Clearly she’s staying over, in pajama bottoms and a T-shirt, barefoot, no bra, and I don’t like it when she’s in the downstairs guest room. I don’t want to say such a thing out loud but it’s true and probably means I’m a selfish person. I sincerely dislike having anyone in our house but there’s no choice now that Tesla is in the mix. She needs training, socializing, and she shouldn’t be left without human companionship for long periods of time.
I watch Page filling the dog bowls with filtered water she pours from a pitcher. A friend of Lucy and Janet’s, she’s imposing, her upper-body strength from competitive swimming impressive, almost unbelievable for a female. It’s entered my mind that she might take steroids because I can’t quite believe her bulk is solely from long hours in the gym or some earlier stint in the Navy when she was accepted into the Basic Underwater Demolition or BUD training program for SEALs.
Tall with curly dark hair, all brawn, Page is the gentle giant with dogs, kind but in control. She couldn’t be more thoughtful or attentive toward an aging greyhound rescued from the racetrack or an English-bulldog puppy once abused by children and abandoned.
“Who’s gonna potty and then get a beddy-bye treat?” Page asks Tesla and Sock.
I hear their nails click furiously as they run to the back door.
WALKING THROUGH AN AIR-CONDITIONED cloud of LED light, I pause in the galley with its coffeemaker, small refrigerator, microwave and laminated white countertops.
Tossing empty water bottles into the recyclable trash, I look around at the workstations, equipment cases, forensic instruments, and multidrawer cabinets of tools and other supplies. I make sure there’s nothing else I need for what I’m about to do. I don’t think there is. And Harold and Rusty know the drill. On my way here I gave them my scene case and other necessities. They will have everything set up under the tent by the time I get there, and everything will be as it should.

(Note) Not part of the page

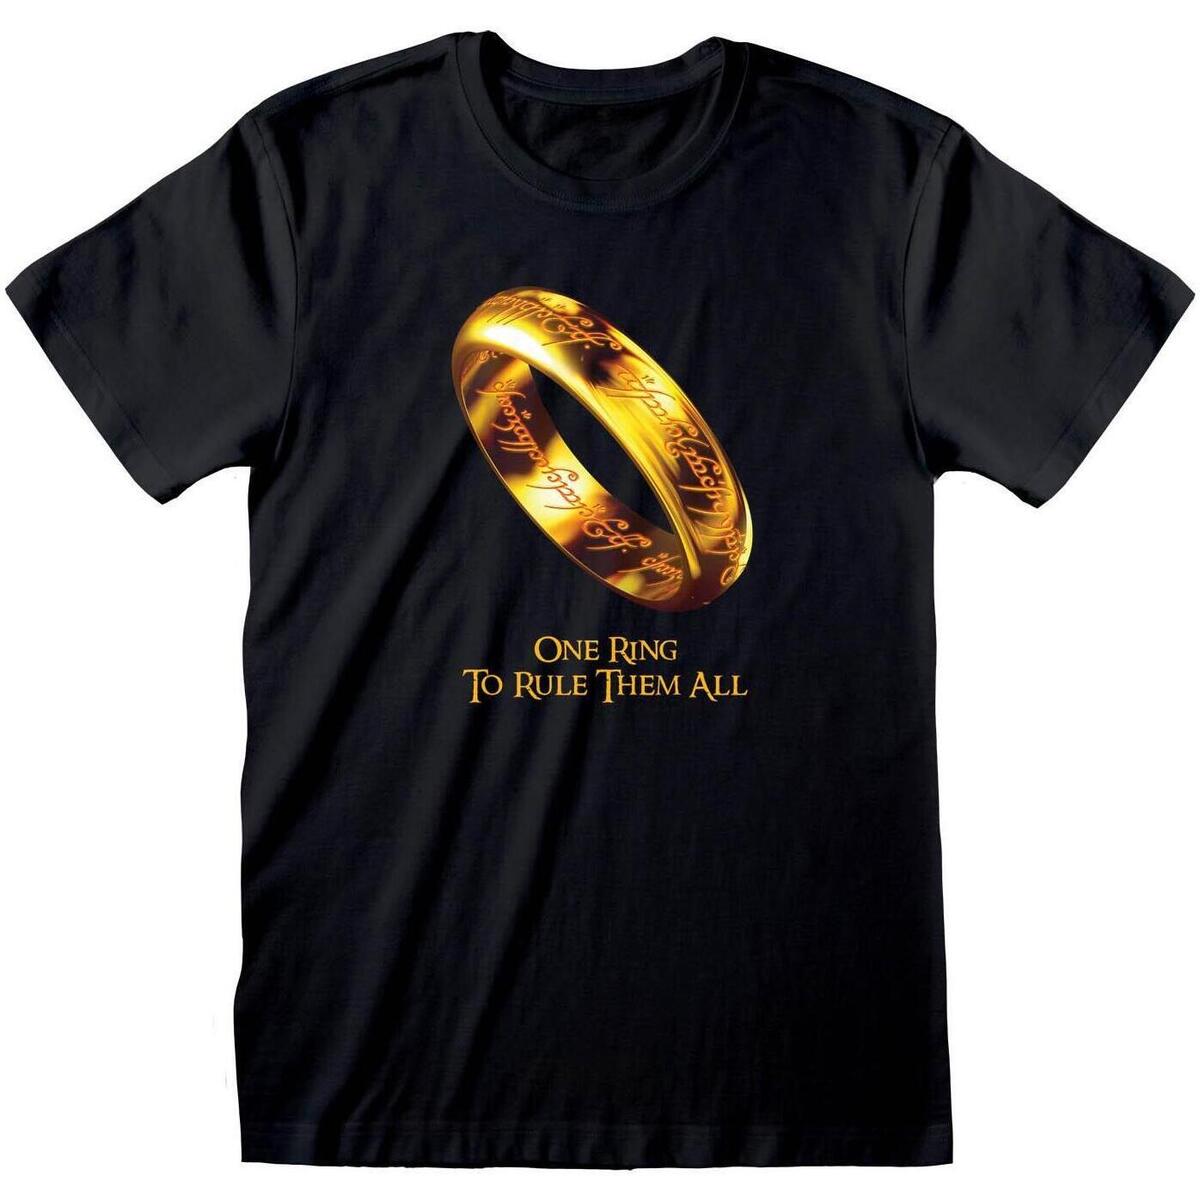 Vêtements T-shirts manches longues Lord Of The Rings One Ring To Rule Them All Noir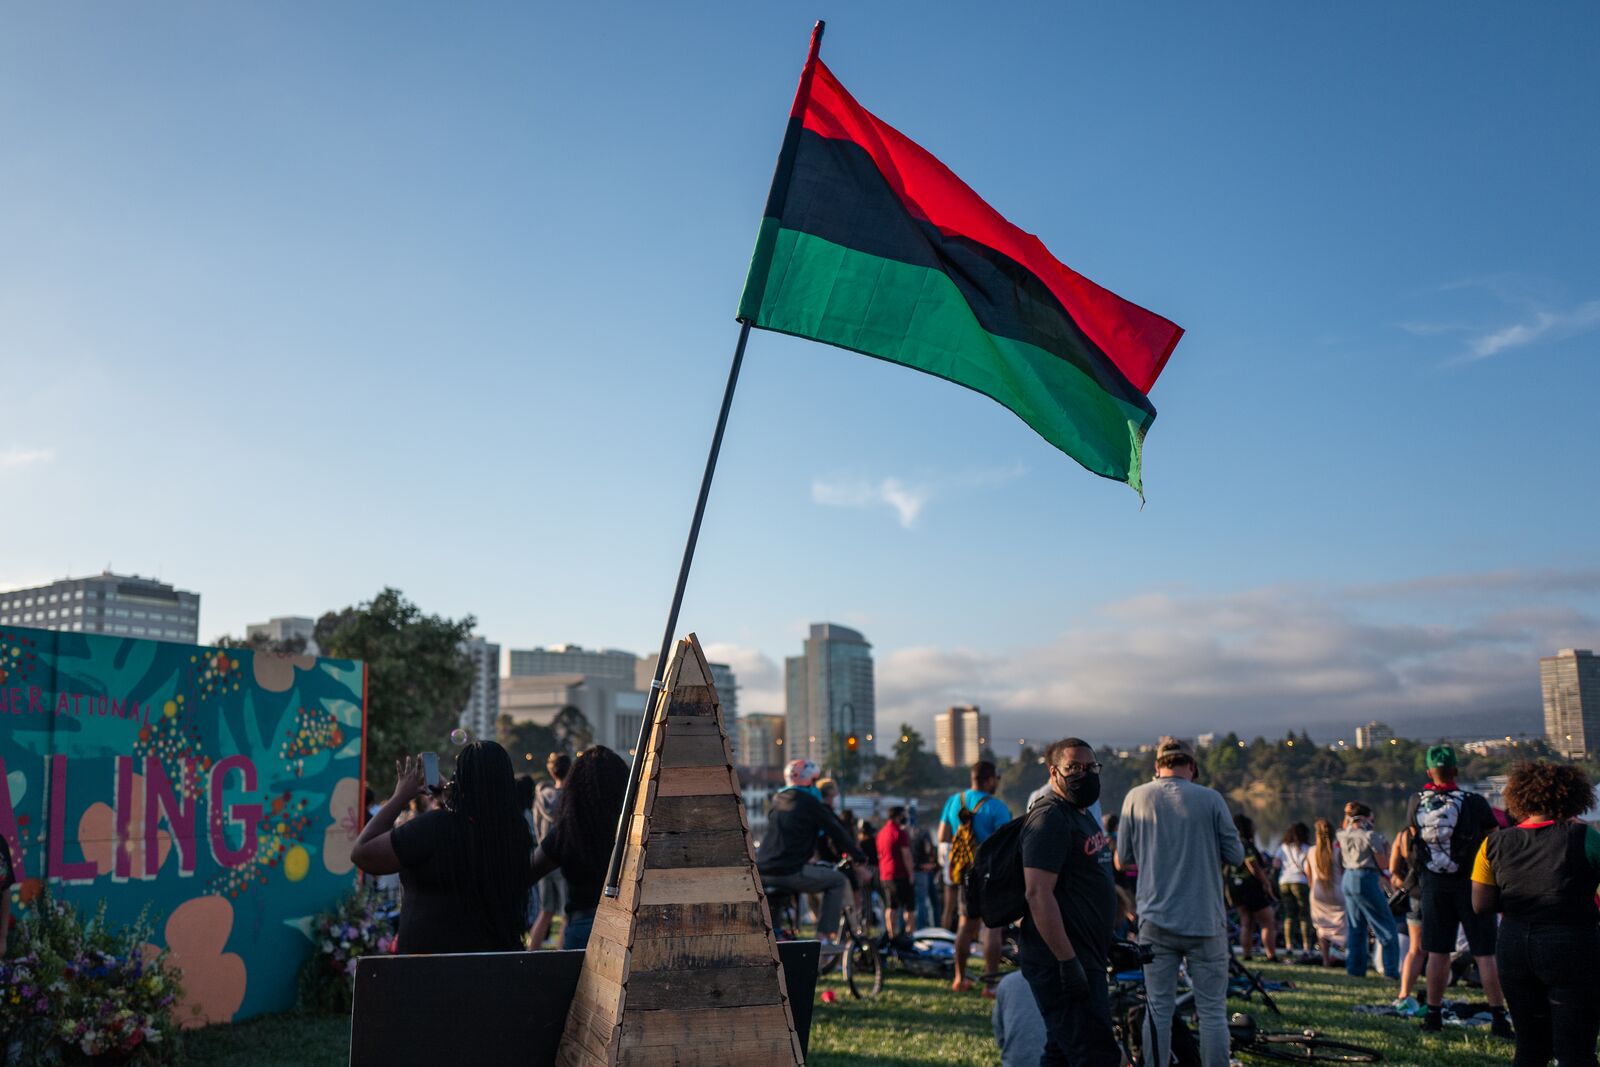 A pan-African flag rises above a crowd of people gathered with buildings in the background

But I’m restless and my mood is tense, my thoughts burdened. When I think of the second time I encountered the woman who I now believe is dead and about to become my patient, she literally rode off into the sunset. I don’t know where she went after that or when she finally entered the park, but it was completely dark by seven thirty.
Supposing she was killed around that time, it means that for the better part of two hours her body has been left out in the middle of a public park surrounded by Harvard student housing and other populated buildings. In an ideal situation I would have gotten her out of here a good hour ago.
This is taking too long but it’s not surprising. Things rarely go as quickly as we’d like, and in a difficult death investigation it’s the rule rather than the exception that very little goes as planned. But the world is less forgiving than it used to be, and already I’m preparing for criticism.
Someone will decide I didn’t show proper respect, that I carelessly left a dead body exposed for all to see. I’m callous and uncaring. Or I’m negligent. I’ll read about it in a blog or hear about it on YouTube. I always do.